Kata (الإسم) al-ism yang dimaksud oleh ayat ini bukan dalam arti nama,tetapi sebutan. Dengan demikian, ayat diatas bagaikan menyatakan: “Seburuk-buruk sebutan adalah menyebut seseorang dengan sebutan yang mengandung makna kefasikan setelah ia disifati dengan sifat keimanan.” Ini karena kefasikan bertentangan dengan keimanan. Ada juga yang memahami kata al-ism dalm arti tanda dan jika demikian ayat ini berarti: “Seburuk-buruk tanda pengenalan yang disandangkan kepada seseorang setelah ia beriman adalah memperkenalkannya dengan sebutan dosa yang pernah dilakukannya.

Kemuliaan masyarakat akan bersemi apabila anggota masyarakat mau melaksanakan ajaran Islam, sehingga tersedia lingkungan yang sehat yang mengeleminasi gejolak perseteruan dan konflik sosial. Contoh yang tampak sederhana, tetapi sesungguhnya merupakan bibit dari setiap perselisihan sosial, diungkapkan oleh al-Qur’an, yakni meremehkan dan mencaci orang lain. Dua hal itu merupakan contoh dari benih kejahatan sosial. Perlu diperhatikan pula bahwa mengucapkan suatu kata apapun atau melakukan suatu tindakan apapun yang bisa meretakkan persaudaraan sesama muslim adalah perbuatan yang terlarang.

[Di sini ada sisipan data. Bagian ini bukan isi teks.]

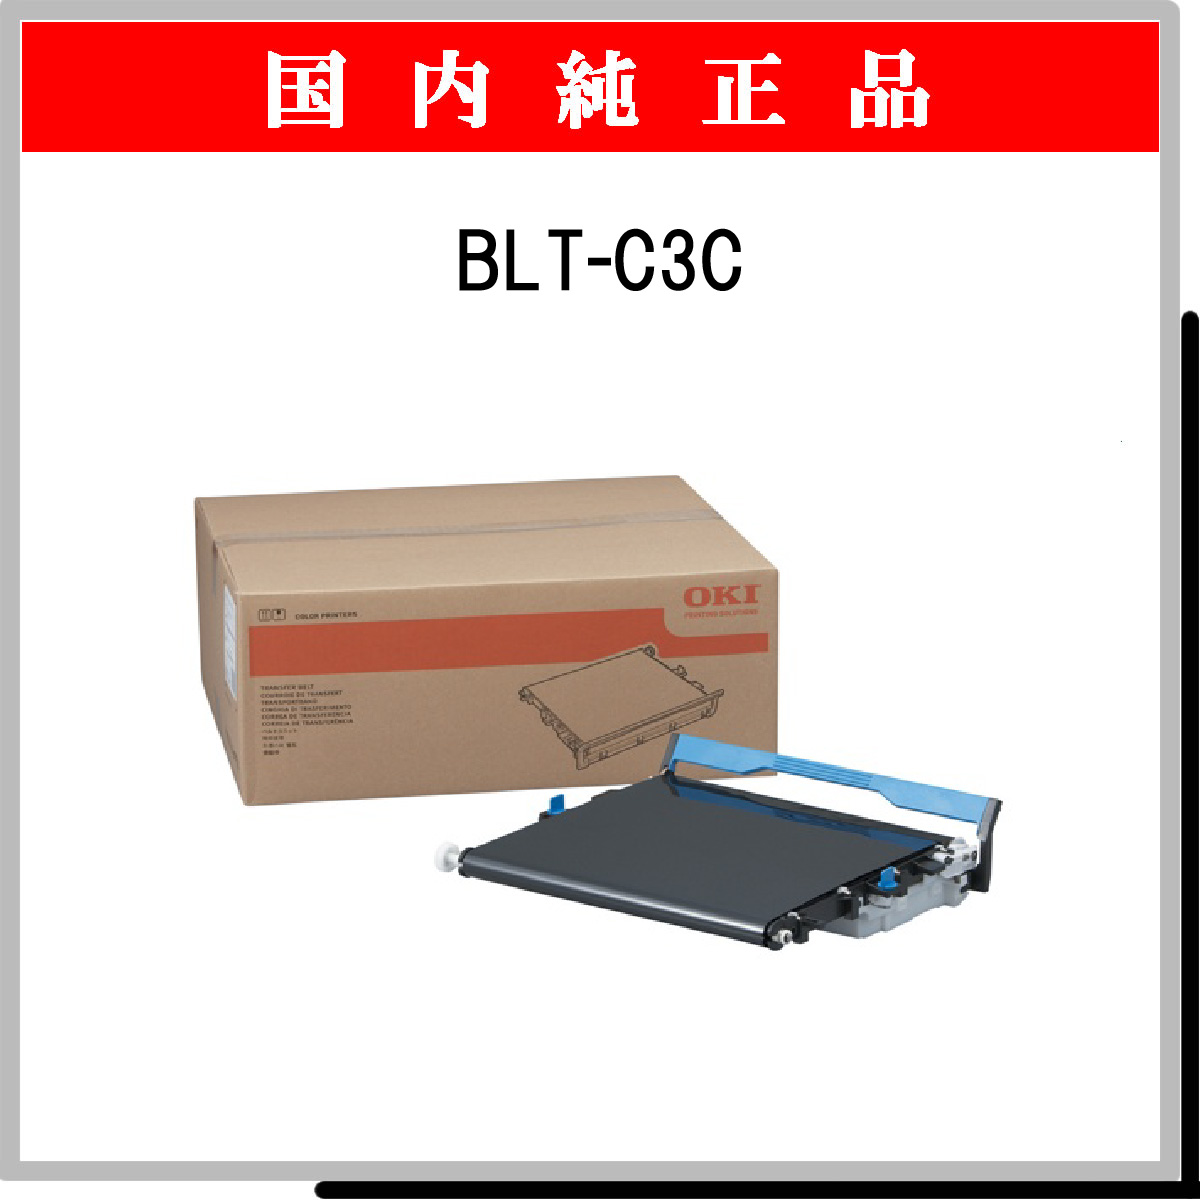 ベルトユニット(C610dn/C711dn用) BLT-C4G インクカートリッジ、トナー
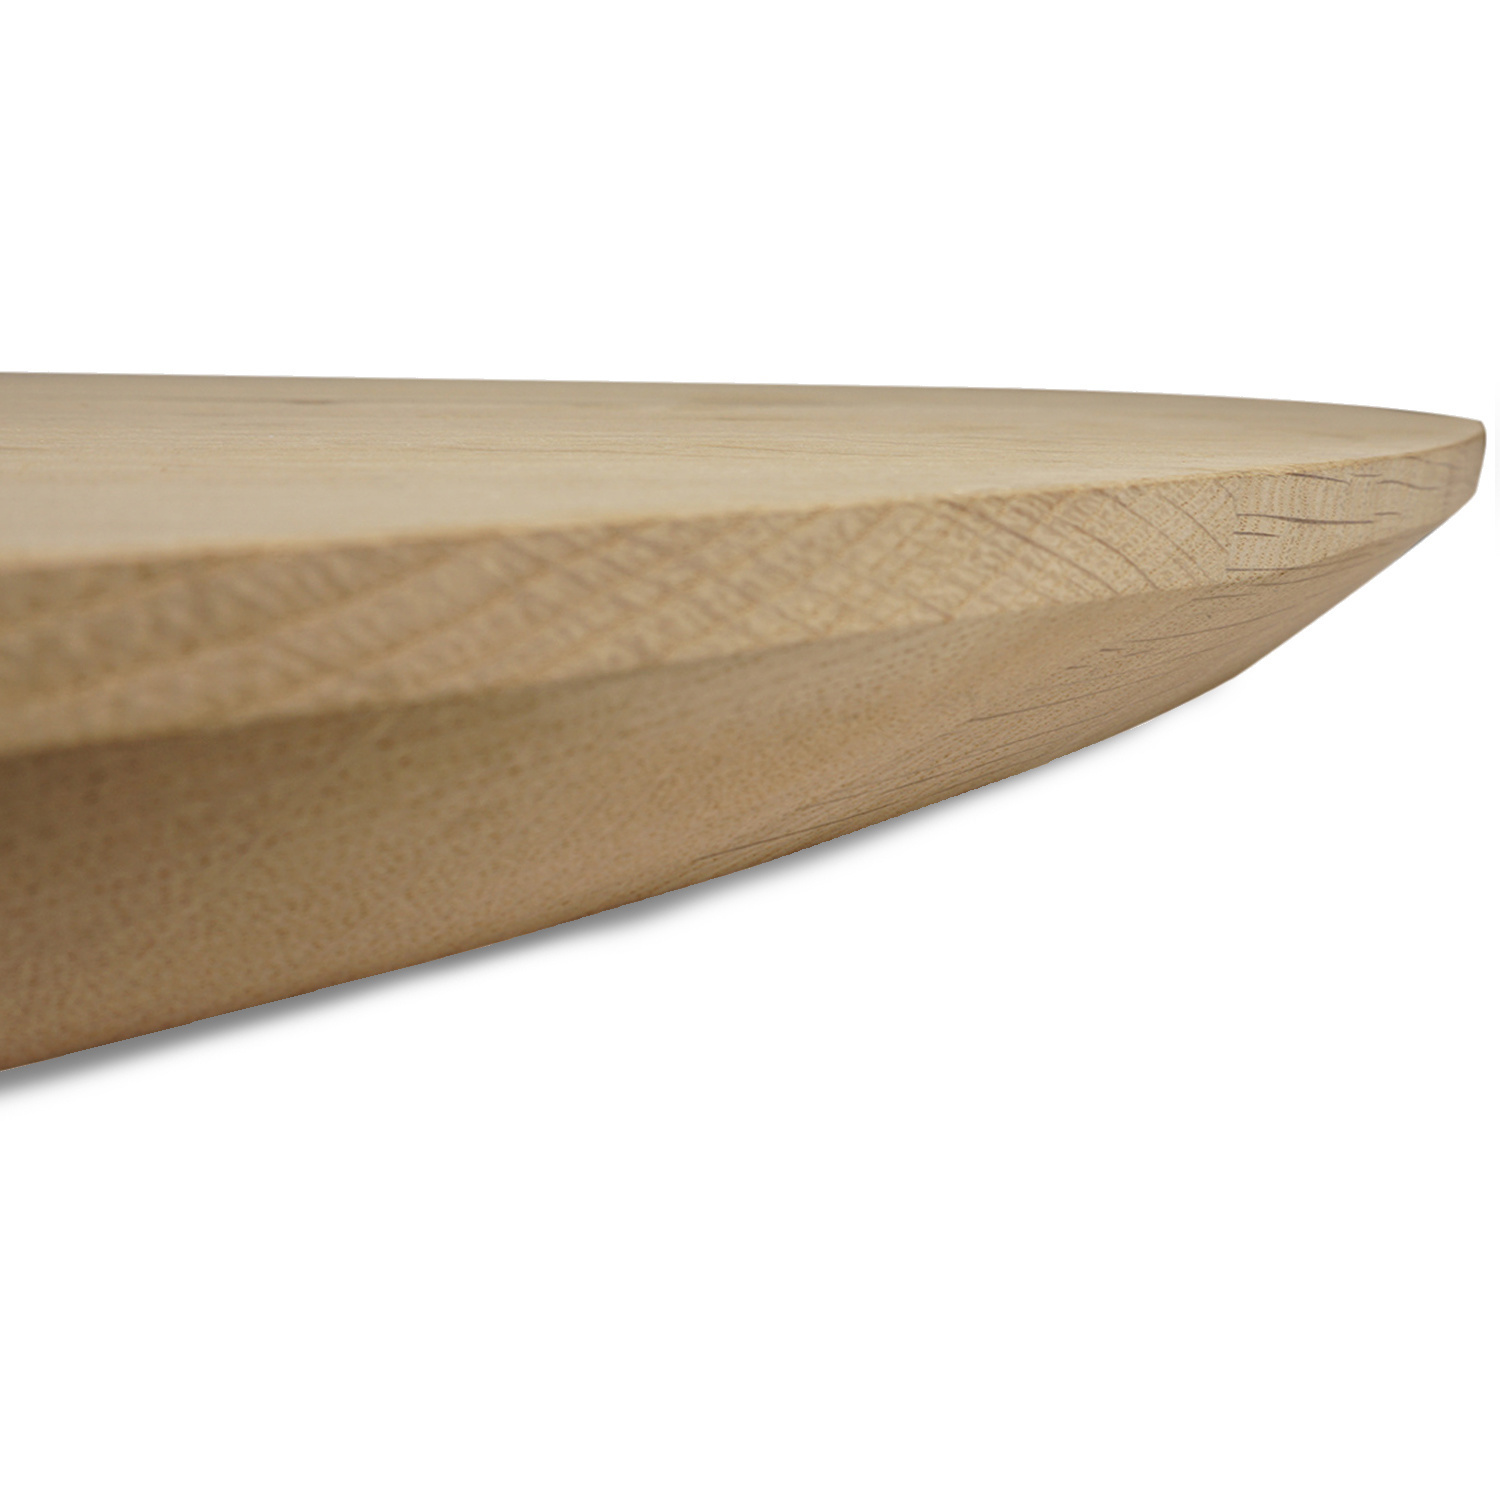  Tischplatte Eiche oval - 4 cm dick - Eichenholz Rustikal - Ellipse Eiche Tischplatte massiv - HF 8-12%

Ayat yang tertuju kepada kaum beriman ini mengajarkan agar menjauhkan diri dari mencaci saudara seiman mereka. Adalah tidak pantas menilai hati dan tindakan mereka yang berakhir pada ekspresi peremehan dan pencelaan. Sebab, boleh jadi, mereka yang di cemooh dan dihina itu mungkin lebih baik dari pada yang menghinanya. Wanita yang beriman secara keras dilarang mencaci wanita lain dan melemparkan komentar sinis dan buruk terhadap mereka, karena mereka tidak mengetahui keunggulan orang yang dicaci dan diejek itu.

Ayat ini memberi bimbingan dan nasehat bagi kaum muslim dengan menyatakan bahwa alih-alih mereka bermaksut untuk mencemooh seseorang, mengekspos kesalahannya, menghina atau mencelanya atau memiliki pikirang buruk tentang saudara seagamanya itu, akan lebih baik apabila mereka mempertimbangkan perbuatannya sendiri.

Apabila seorang muslim mendahulukan untuk merenungkan tentang kekurangan diri dan perbuatannya maka dia akan menyadari bagaimana semestinya bersikap. Bahkan, sekalipun dia kebetulan tidak pernah berbuat kesalahan, atau merasa puas dengan keadaan dirinya-baik secara jasmani atau rohani-maka mencemooh orang-orang beriman tetap saja merupakan sebuah kesalahan yang paling tercela. Dengan kesadaran itu, dia dapat mengambil langkah-langkah berbaikan diri dan menahan dirinya dari menghina dan mencari-cari kesalahan orang lain. (mukhayya-red).